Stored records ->
——
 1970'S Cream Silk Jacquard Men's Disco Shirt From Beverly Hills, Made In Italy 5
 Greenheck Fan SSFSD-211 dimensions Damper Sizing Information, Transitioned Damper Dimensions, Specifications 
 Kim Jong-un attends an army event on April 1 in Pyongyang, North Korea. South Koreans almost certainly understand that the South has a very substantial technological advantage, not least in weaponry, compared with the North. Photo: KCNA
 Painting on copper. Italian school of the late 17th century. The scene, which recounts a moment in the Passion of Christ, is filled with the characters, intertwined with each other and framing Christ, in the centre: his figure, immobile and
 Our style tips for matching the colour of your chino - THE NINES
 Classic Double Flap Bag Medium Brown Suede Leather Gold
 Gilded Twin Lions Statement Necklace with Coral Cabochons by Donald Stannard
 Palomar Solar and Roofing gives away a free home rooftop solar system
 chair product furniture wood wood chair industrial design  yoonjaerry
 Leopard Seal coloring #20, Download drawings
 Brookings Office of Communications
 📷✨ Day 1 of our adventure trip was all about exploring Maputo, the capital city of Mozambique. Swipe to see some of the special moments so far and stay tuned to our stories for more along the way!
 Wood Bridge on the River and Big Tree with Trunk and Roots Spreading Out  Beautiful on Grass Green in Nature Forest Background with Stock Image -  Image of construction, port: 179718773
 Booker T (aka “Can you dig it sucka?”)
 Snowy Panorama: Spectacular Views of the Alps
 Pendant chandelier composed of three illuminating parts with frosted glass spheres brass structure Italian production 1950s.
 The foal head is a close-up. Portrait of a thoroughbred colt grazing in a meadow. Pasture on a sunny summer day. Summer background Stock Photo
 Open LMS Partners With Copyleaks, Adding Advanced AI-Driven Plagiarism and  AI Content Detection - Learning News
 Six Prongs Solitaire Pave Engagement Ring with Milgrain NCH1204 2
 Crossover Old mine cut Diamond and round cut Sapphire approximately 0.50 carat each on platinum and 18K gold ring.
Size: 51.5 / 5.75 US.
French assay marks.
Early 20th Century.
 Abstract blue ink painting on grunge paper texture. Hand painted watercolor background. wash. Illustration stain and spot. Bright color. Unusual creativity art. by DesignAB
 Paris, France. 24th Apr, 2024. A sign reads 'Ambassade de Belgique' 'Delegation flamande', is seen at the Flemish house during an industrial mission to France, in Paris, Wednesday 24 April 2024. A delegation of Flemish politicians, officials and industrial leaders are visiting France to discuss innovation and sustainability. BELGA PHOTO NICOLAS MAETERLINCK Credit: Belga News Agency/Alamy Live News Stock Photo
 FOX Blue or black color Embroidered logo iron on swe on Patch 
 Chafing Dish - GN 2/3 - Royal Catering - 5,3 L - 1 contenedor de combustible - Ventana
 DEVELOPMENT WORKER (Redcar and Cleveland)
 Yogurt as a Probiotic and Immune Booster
——
TASK PROMPT ->
Reply with the complete records, restated exactly.

EXERCISE ANSWER ->
 1970'S Cream Silk Jacquard Men's Disco Shirt From Beverly Hills, Made In Italy 5
 Greenheck Fan SSFSD-211 dimensions Damper Sizing Information, Transitioned Damper Dimensions, Specifications 
 Kim Jong-un attends an army event on April 1 in Pyongyang, North Korea. South Koreans almost certainly understand that the South has a very substantial technological advantage, not least in weaponry, compared with the North. Photo: KCNA
 Painting on copper. Italian school of the late 17th century. The scene, which recounts a moment in the Passion of Christ, is filled with the characters, intertwined with each other and framing Christ, in the centre: his figure, immobile and
 Our style tips for matching the colour of your chino - THE NINES
 Classic Double Flap Bag Medium Brown Suede Leather Gold
 Gilded Twin Lions Statement Necklace with Coral Cabochons by Donald Stannard
 Palomar Solar and Roofing gives away a free home rooftop solar system
 chair product furniture wood wood chair industrial design  yoonjaerry
 Leopard Seal coloring #20, Download drawings
 Brookings Office of Communications
 📷✨ Day 1 of our adventure trip was all about exploring Maputo, the capital city of Mozambique. Swipe to see some of the special moments so far and stay tuned to our stories for more along the way!
 Wood Bridge on the River and Big Tree with Trunk and Roots Spreading Out  Beautiful on Grass Green in Nature Forest Background with Stock Image -  Image of construction, port: 179718773
 Booker T (aka “Can you dig it sucka?”)
 Snowy Panorama: Spectacular Views of the Alps
 Pendant chandelier composed of three illuminating parts with frosted glass spheres brass structure Italian production 1950s.
 The foal head is a close-up. Portrait of a thoroughbred colt grazing in a meadow. Pasture on a sunny summer day. Summer background Stock Photo
 Open LMS Partners With Copyleaks, Adding Advanced AI-Driven Plagiarism and  AI Content Detection - Learning News
 Six Prongs Solitaire Pave Engagement Ring with Milgrain NCH1204 2
 Crossover Old mine cut Diamond and round cut Sapphire approximately 0.50 carat each on platinum and 18K gold ring.
Size: 51.5 / 5.75 US.
French assay marks.
Early 20th Century.
 Abstract blue ink painting on grunge paper texture. Hand painted watercolor background. wash. Illustration stain and spot. Bright color. Unusual creativity art. by DesignAB
 Paris, France. 24th Apr, 2024. A sign reads 'Ambassade de Belgique' 'Delegation flamande', is seen at the Flemish house during an industrial mission to France, in Paris, Wednesday 24 April 2024. A delegation of Flemish politicians, officials and industrial leaders are visiting France to discuss innovation and sustainability. BELGA PHOTO NICOLAS MAETERLINCK Credit: Belga News Agency/Alamy Live News Stock Photo
 FOX Blue or black color Embroidered logo iron on swe on Patch 
 Chafing Dish - GN 2/3 - Royal Catering - 5,3 L - 1 contenedor de combustible - Ventana
 DEVELOPMENT WORKER (Redcar and Cleveland)
 Yogurt as a Probiotic and Immune Booster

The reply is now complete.